Bachmann 18549 Humane livestock car

I bought one of these very cheaply at a swapmeet in south east England last week.

I’ve trawled the intenet and have failed to find any pictueres of a prototype for it. Was it just a one-off experiment,and if not would someone tell me where and when they operated please.

Thank you,

Terry Bray,London,England.

There were “humane” stock cars which included seperate areas sometimes, water and feed capabilities. I don’t know about this particular model. At one time livestock were transported in boxcars without good ventilation.

Richard

Terry,

I found a photograph of the prototype for this car in “Train She Cyclopedia No. 3” . The book is based on the 1931 “Car Builders’ Cyclopedia”. The caption reads:

“Triple-Deck Stock Car for Sheep, Lambs and Small Live Stock. Provision for Feeding and Watering; Caretaker’s Room at End. North American Car Corporation. Builder, Standard Steel Car Corporation.”

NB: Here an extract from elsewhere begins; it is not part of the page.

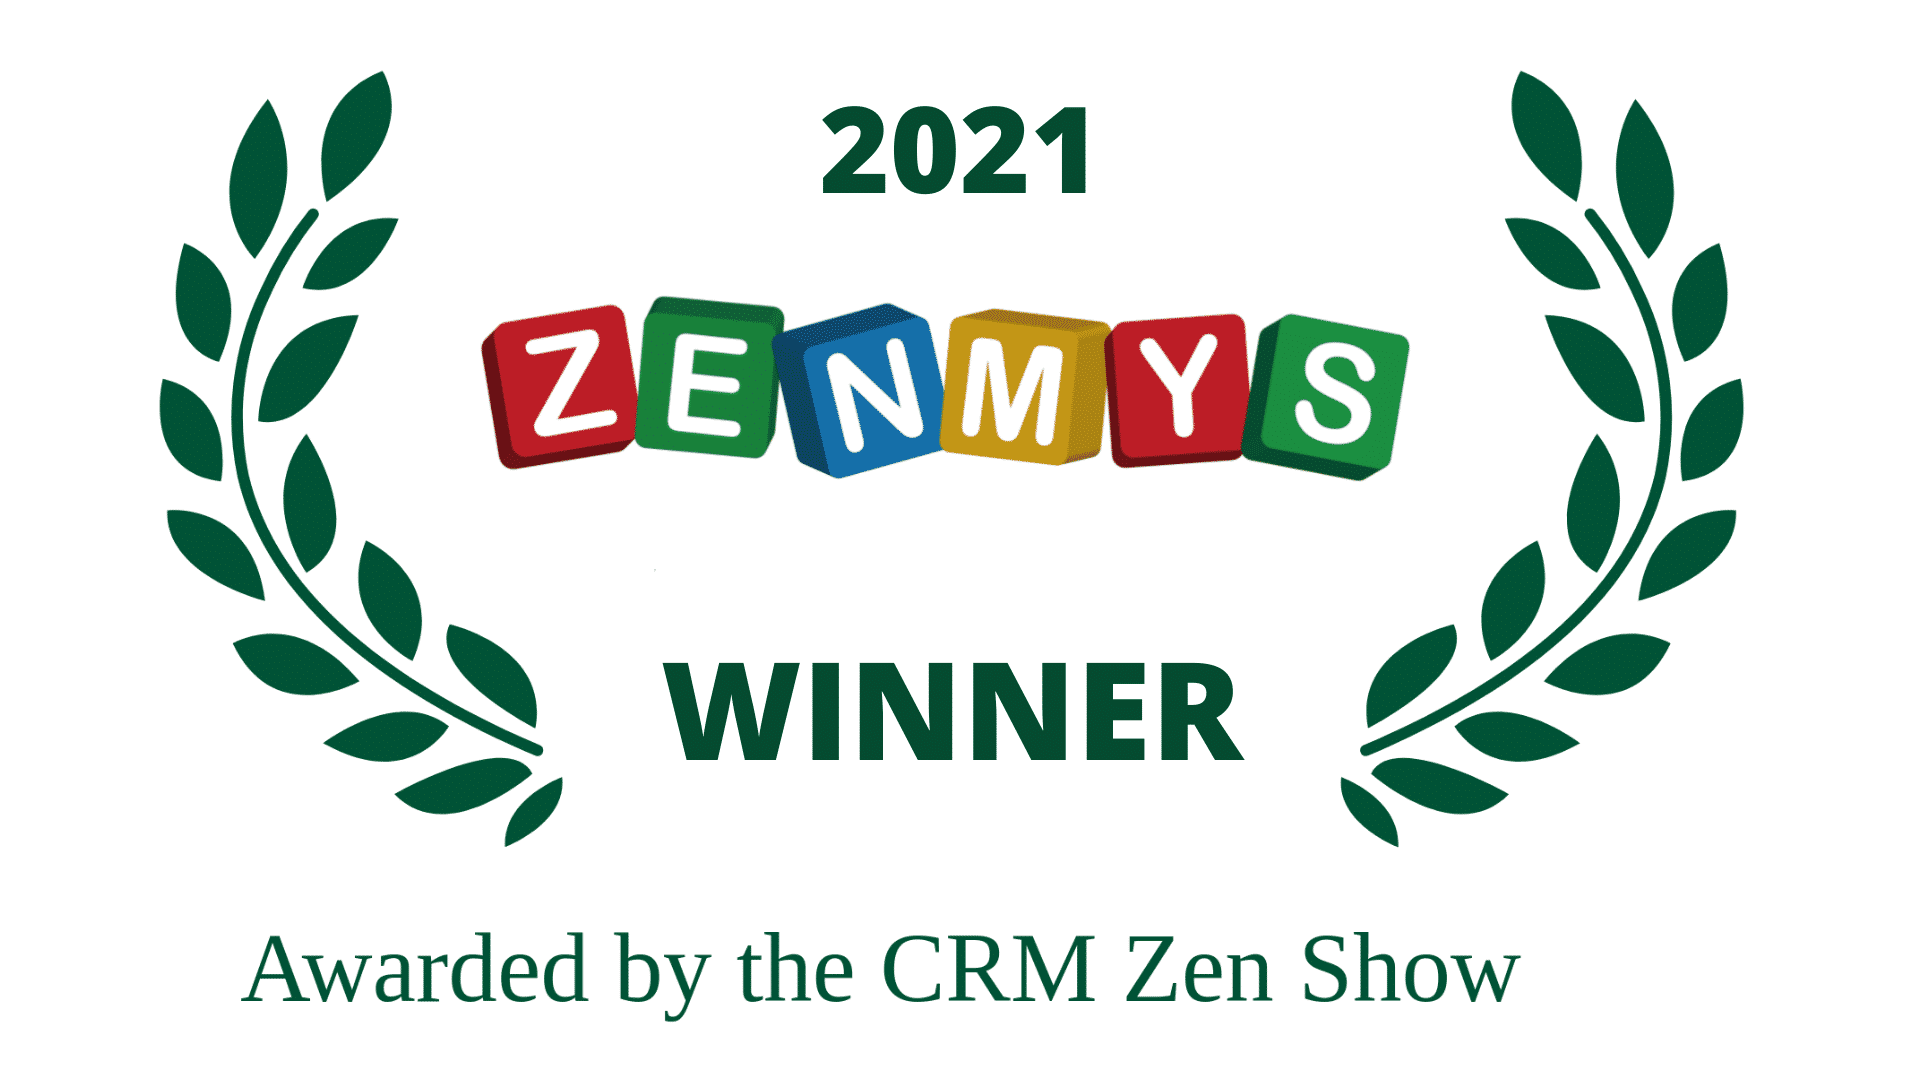 2021 zenmys winner awarded by the CRM Zen Show

The reporting mark is H.L.S.X. 1. I believe it was a prototype. It certainly wasn’t a big seller, as I don’t ever recall seeing anything like it before.

But it did exist. And it’s an interesting model.

I believe that by the time this car was built, United States law required stops for watering livestock. Perhaps a benefit of this car would be the ability to skip these required stops.

Ed

The Humane Livestock Car was developed by the Mather Livestock Car Company.

Here’s the Wikipedia entry about Mr. Mather and his Humane Livestock Car –

http://en.wikipedia.org/wiki/Alonzo_C._Mather

Sigh…

OK Terry, here’s what you’ve ACTUALLY got. The Bachmann model is a BAD representation of a 1920s-built poultry car, with a bad paint job. If anyone cares, the model looks like this:

http://www.bachmanntrains.com/home-usa/products.php?act=viewProd&productId=604

And here’s what these cars are supposed to look like:

http://www.hoosiervalley.org/photos/historic-railroad-photos/live-poultry-cars/

The Bachmann model itself is pure fantasy: poultry cars were built before deep refrigeration, so were never more than 39 feet long at the strikers. Their heyday was in the 1930s, and all were off American rails by the early 1950s. Mostly, they were a Midwestern and central Southern “thing”, which is where most poultry is grown today (by 1940 most live poultry was shipped by TRUCK, as was most livestock in general). The enclosed section on the end is for a ride along caretaker, who fed & watered the birds (which were regulated differently from hooved animals: birds didn’t need watering and rest stops).

The “decks” are really just shelves to place standardized wire coops onto. These cars ran in pairs or more on circuits every few weeks. LPTX only had a fleet of 200-400 cars which serviced most of the country.

Hope this helps!

The unholy alliance between Big OIL and Big CHICKEN
- “The Chicken of Tomorrow” , MST3K Ep 702 “The Brute Man”

Fraid not.

I’m looking at a prototype photo and it looks like the Bachmann car. Please read what I wrote earlier. And note that the subject car was NOT referred to as a poultry car. The Bachmann car is DEFINITELY a model of the car I am looking at. Whether it is a GOOD model, I can’t say until I can examine the model first hand.

I recommend you obtain one of the books I mentioned and examine the photograph. It is on the bottom of page 151.